2. Watch your portions
Even though healthy fats are beneficial, they’re calorie-dense. Examples of appropriate portions:
- 1 tablespoon of olive oil (120 kcal).
- ¼ avocado (60–80 kcal).
- 1 handful of nuts (30 g, about 200 kcal).
3. Swap less healthy fats
- Replace butter with olive oil or avocado on toast or in recipes.
- Choose lean cuts of meat instead of fatty ones.
- Avoid trans fats: Check processed food labels and avoid those with partially hydrogenated fats.
4. Add healthy fats to main meals
- Drizzle a bit of olive oil on pasta, rice, or veggies.
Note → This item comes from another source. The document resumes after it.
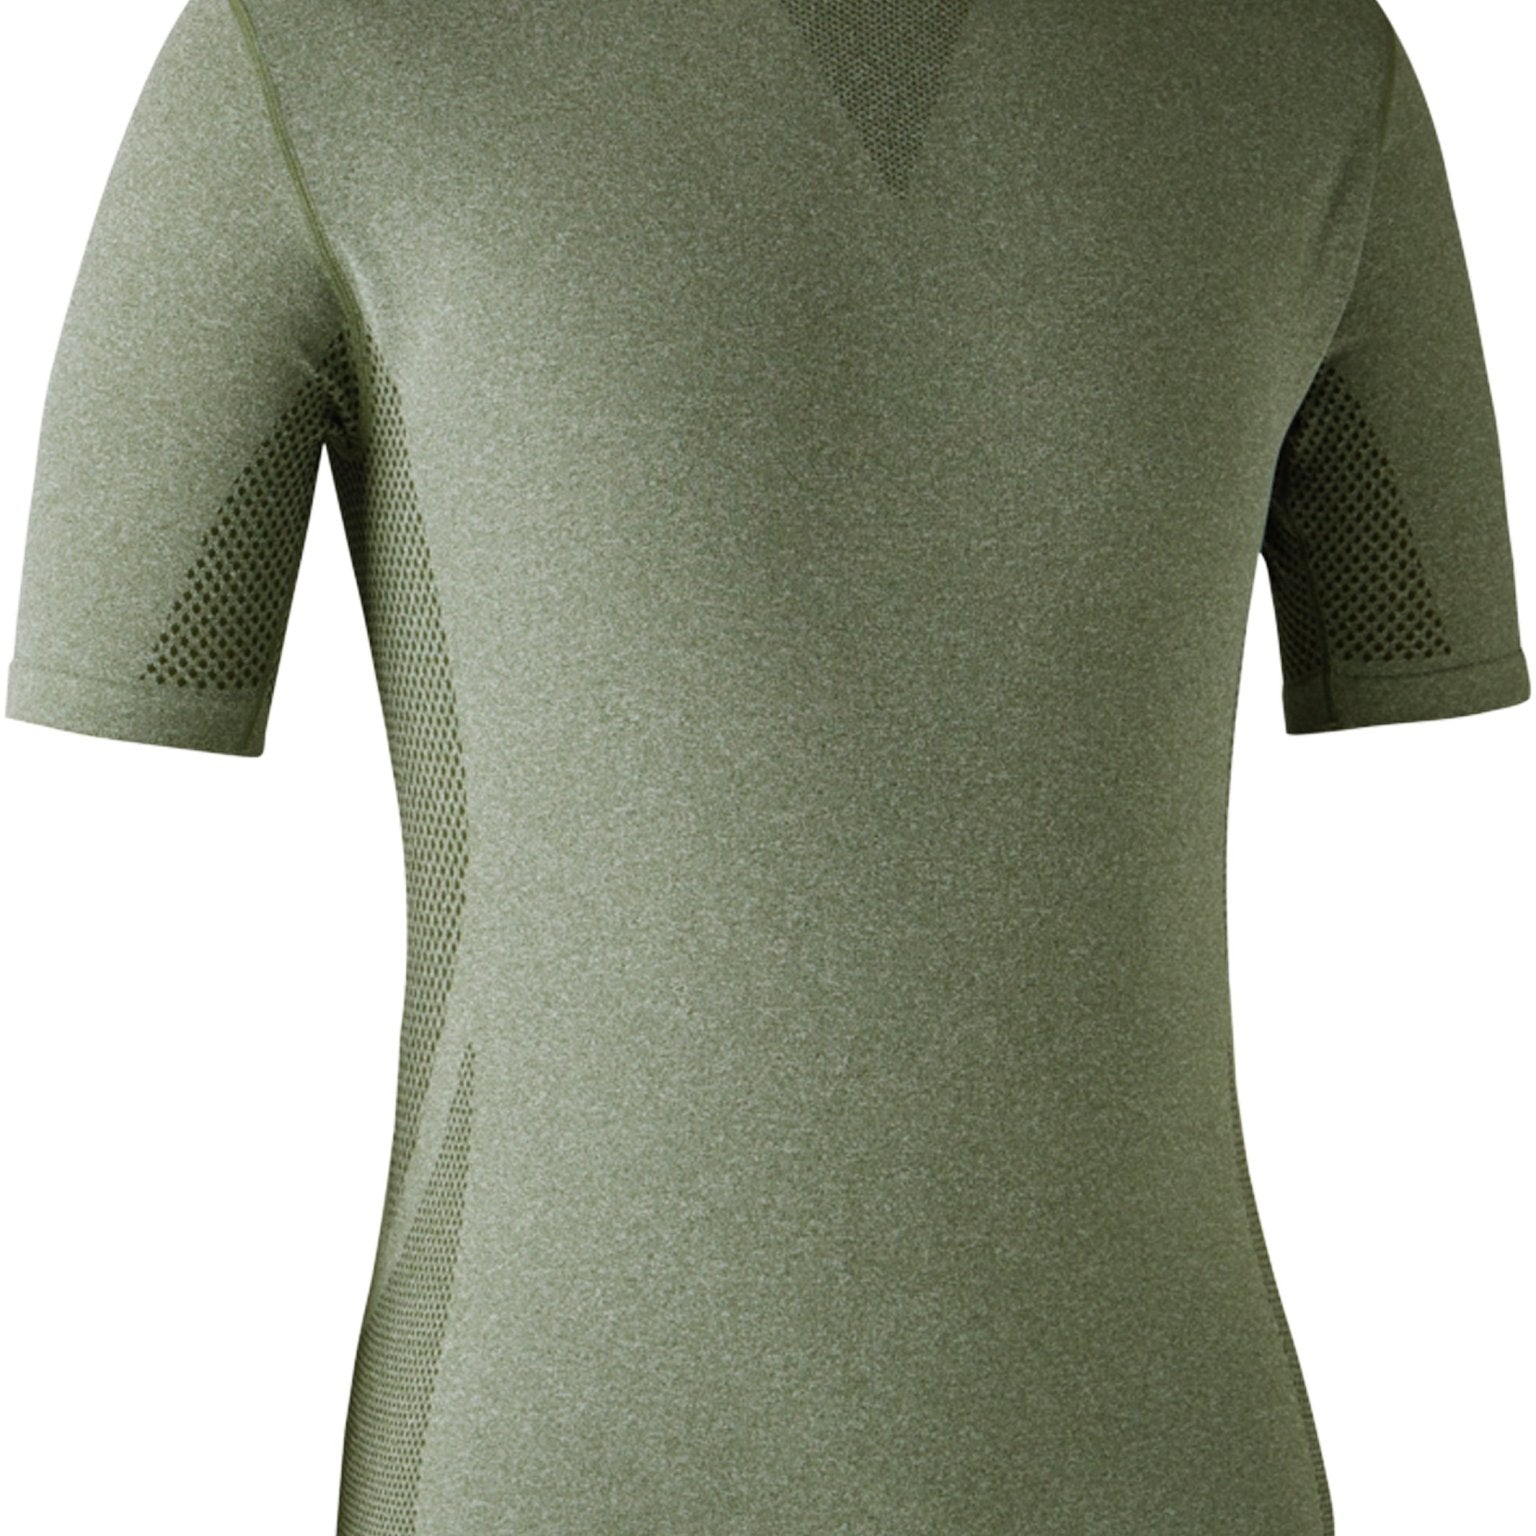 4elementsclothingDeerhunterDeerhunter - Mens Perfomance Base Layer / Mens T-shirt / Mens under shirtShirt7048-343-SM

- Use avocado or hummus as a healthy alternative to mayo or creamy dressings.
- Sprinkle flax, sesame, or chia seeds on salads, soups, or smoothies.
5. Cook healthily
- Use cooking methods like roasting, baking, steaming, or sautéing instead of frying.
- Limit the amount of oil used by spraying or measuring with a teaspoon.
6. Plan healthy snacks
- Swap ultra-processed snacks for natural options like yogurt with chia seeds or apple slices with almond butter and chocolate crums.
7. Balance your meals
- Combine healthy fats with complex carbs (like whole grain bread, rice, or quinoa) and lean proteins (like chicken, fish, or legumes) for a complete, nutritious meal.
Related posts
- How much fat do you need daily?
- Cut fats or carbs to lose weight?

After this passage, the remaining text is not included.